‘She Has Her Mother’s Laugh’ chronicles how scientists have come to understand genetics
The Elephant Man, novelist Pearl S. Buck and Phoebus, god of the sun, all find their way into science writer Carl Zimmer’s latest book. In She Has Her Mother’s Laugh, Zimmer uses famous moments in history — and Greek mythology — to explain genetics and how researchers have come to understand heredity and try to manipulate it.
Zimmer walks through centuries of exploration, settling into stories of scientists who tried to use simplistic notions of heredity to improve the human race. While investigating inheritance, Francis Galton, who coined the term “eugenics,” noticed that notable men had notable sons. He suggested in 1865 that England’s well-being depended on a national breeding program to produce more talented people. His hereditary utopia would make a terrifying episode of TV’s Black Mirror. Galton’s work launched later efforts in the United States to erase undesirable characteristics through sterilization laws and mental capacity checks of immigrants. Eugenics also fed the Nazis’ notion of a superior race. Zimmer doesn’t shy away from the harmful impact of such research and describes the science that showed the flaws in such discriminatory thinking.

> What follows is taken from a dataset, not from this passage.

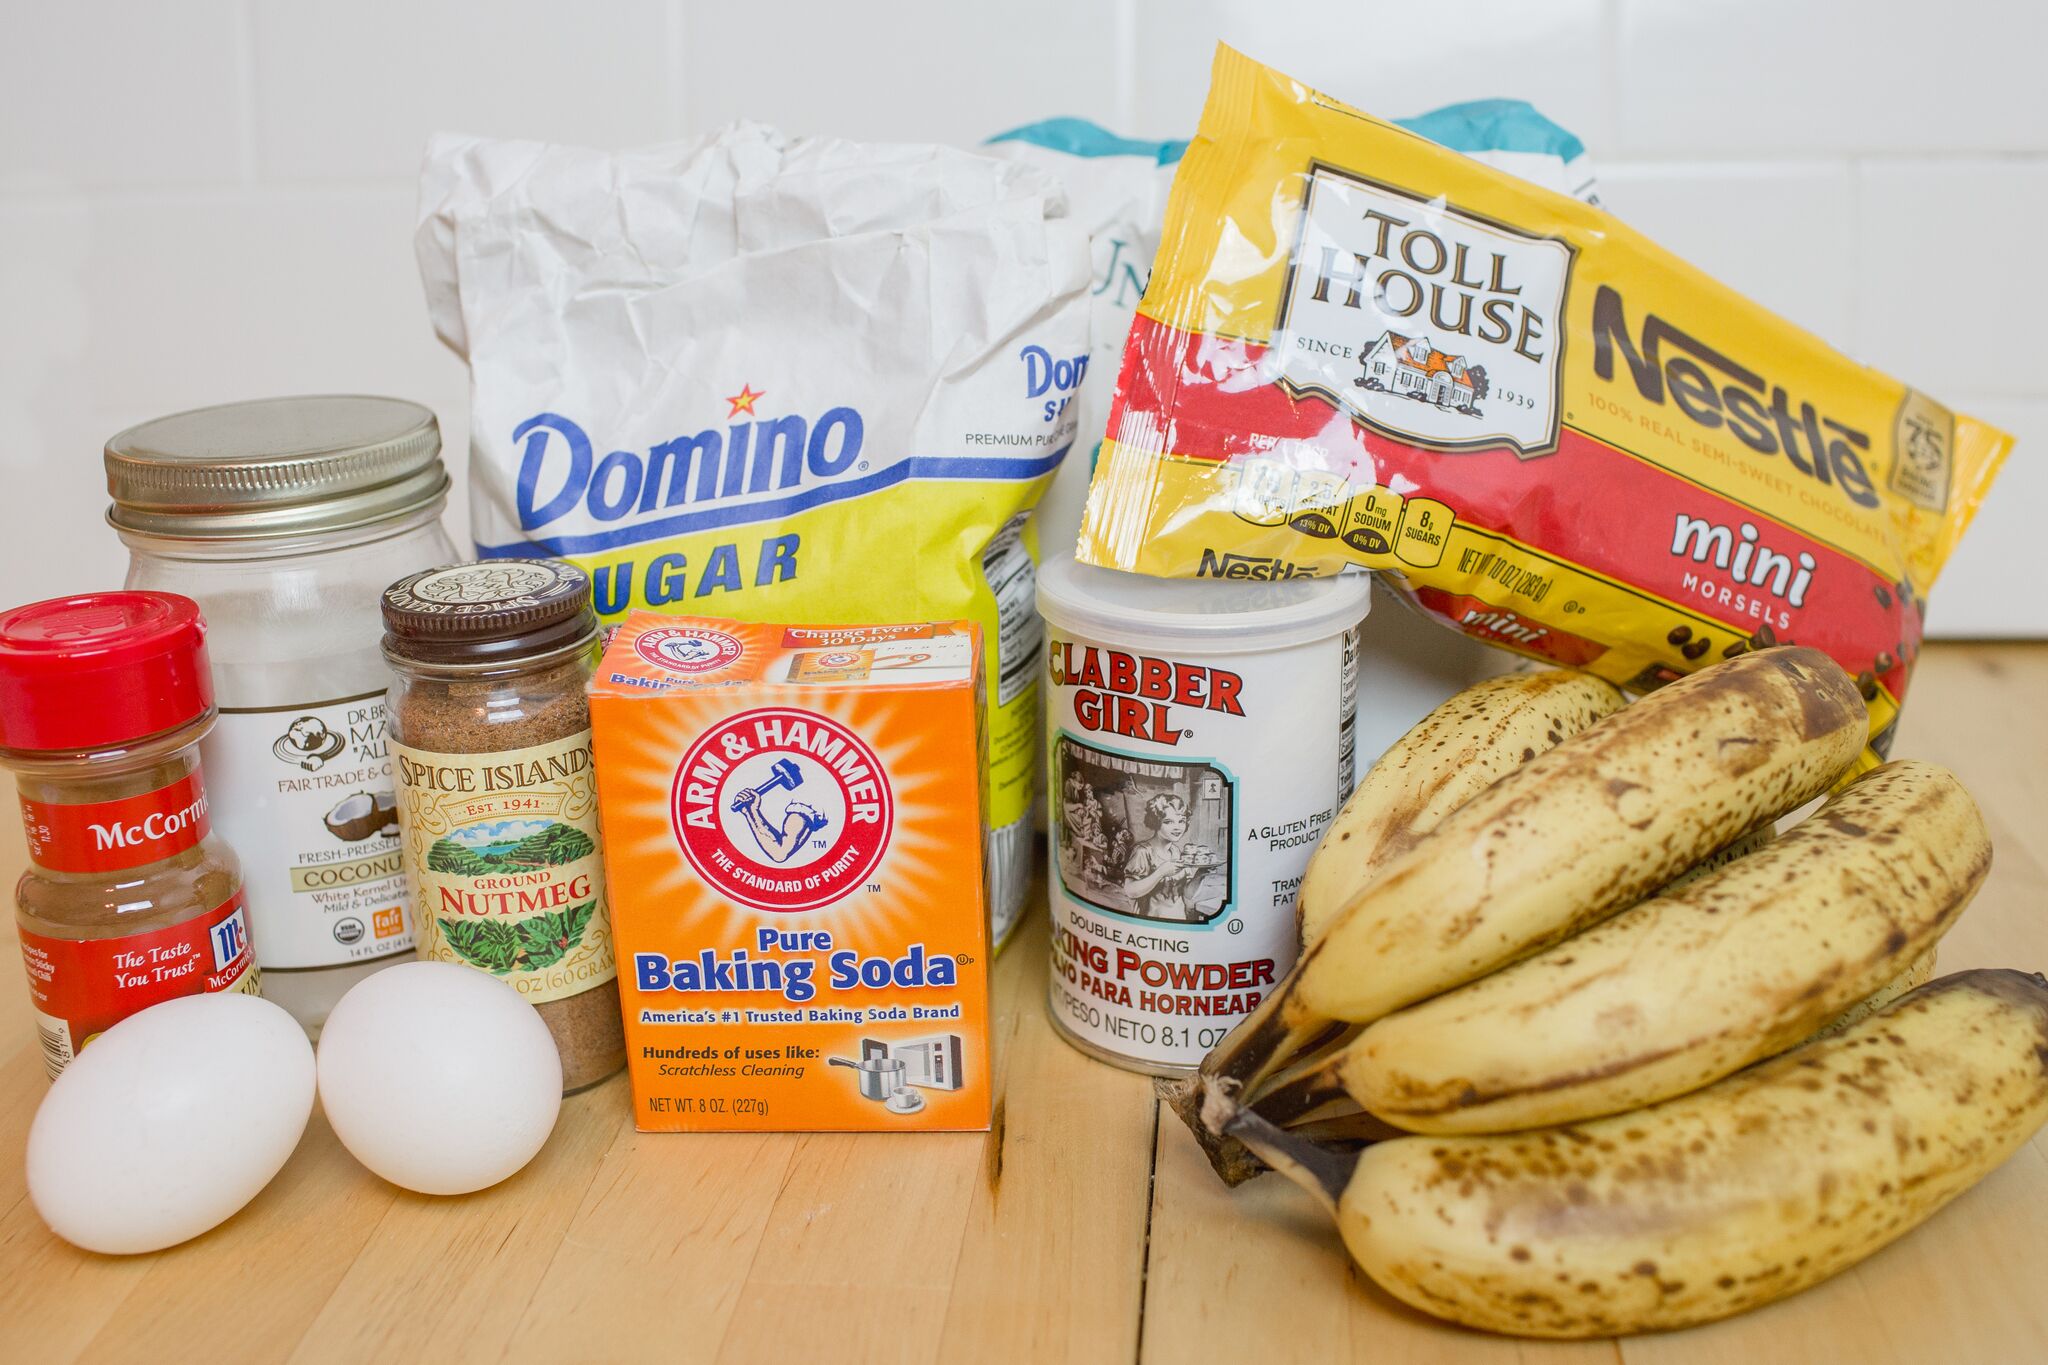 Assemble your ingredients for the chocolate chip banana bread: Cinnamon, eggs, coconut oil, nutmeg, baking soda, baking powder, sugar, flour, ripe bananas and mini chocolate morsels.

This story is part of a multipart series on consumer genetic testing. See the whole series.
With more than 550 pages, the book covers a lot of ground, from discoveries of inherited diseases like phenylketonuria to mosaics, individuals whose cells are not all genetically identical. In places, Zimmer uses the private lives of public figures to introduce advances in genetics. With so many examples, it’s hard to grasp why he included certain stories. Some parts drag a bit, others zing.

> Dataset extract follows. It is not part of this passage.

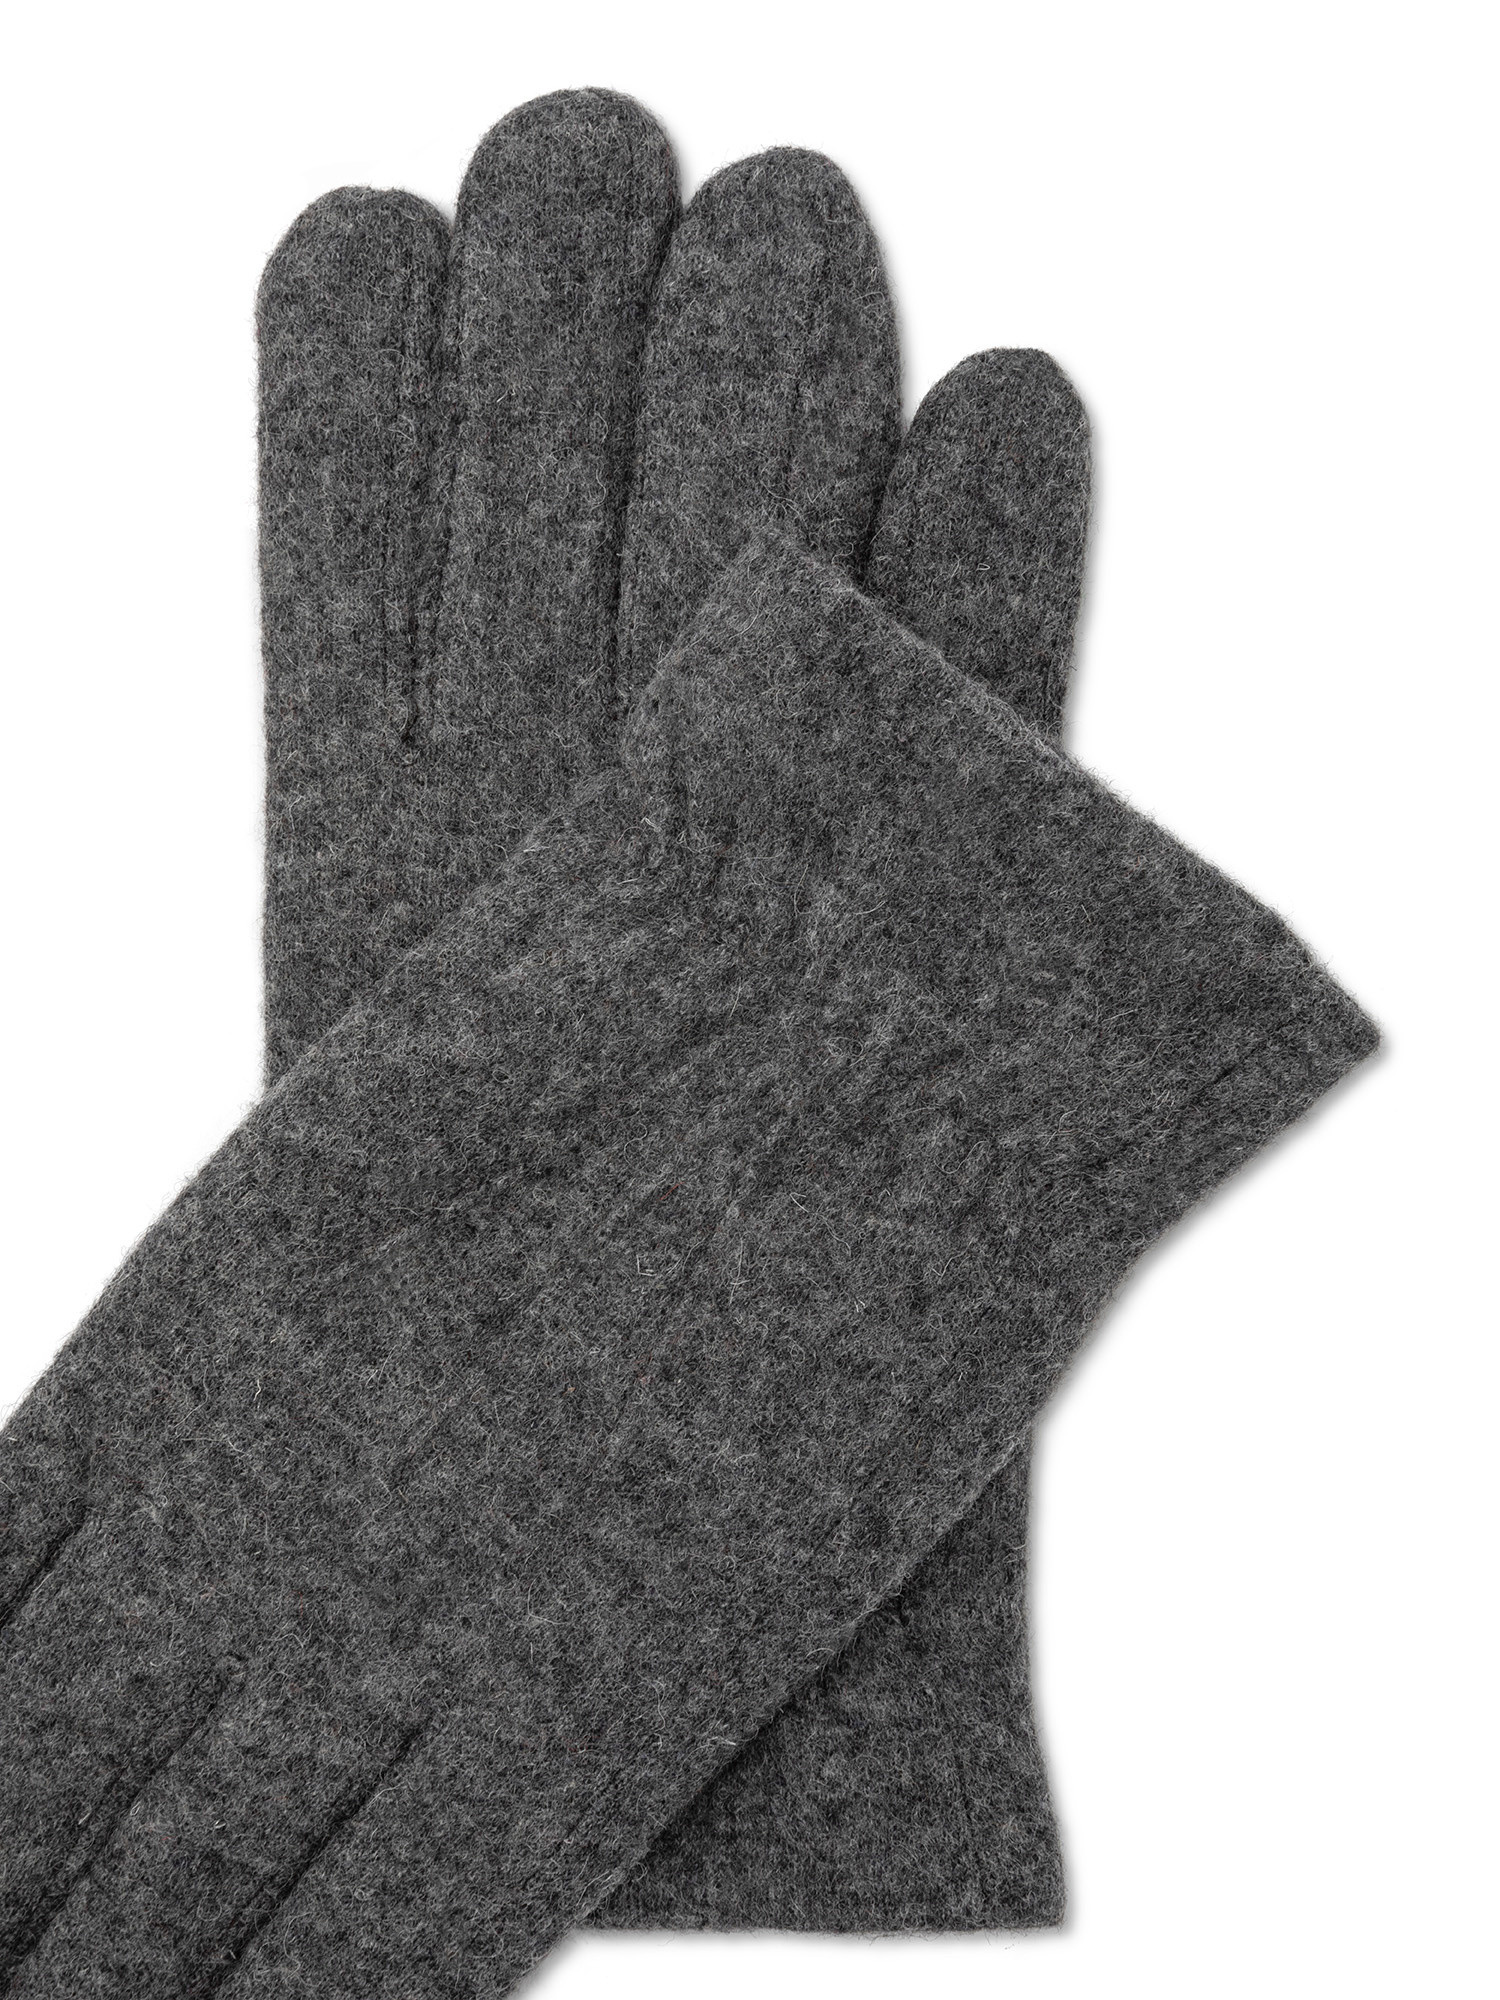 Luca D'Altieri - Wool blend cloth gloves, Grey, large image number 1

We’re all familiar with Joseph Merrick, the Elephant Man. How researchers came to understand why he was deformed is fascinating. In the early 2000s, scientists discovered that several people with the same disease, now called Proteus syndrome, had mutations in the AKT1 gene important to controlling cell growth. There is current work on a drug to block the gene’s actions. Too late for Merrick, but the work offers hope for people today with the disease.
For some readers, the parts of the book that cover recent research history may feel like familiar walks down memory lane, with added context and details. Zimmer takes us back to research on Neandertals interbreeding with ancient humans (SN: 6/5/10, p. 5), Pima Indians and their high rates of type 2 diabetes, and CRISPR, the prized gene-editing tool (SN: 9/3/16, p. 22). Zimmer describes following CRISPR research as a reporter, witnessing “the beginning of something enormous.”
The book ends with cautionary tales about past attempts to toy with nature to fix environmental problems that turned into ecological disasters. Zimmer also points out future risks of gene manipulation that scientists and ethicists have just begun to consider. The next chapter on heredity, he notes, has as many warning signs as opportunities.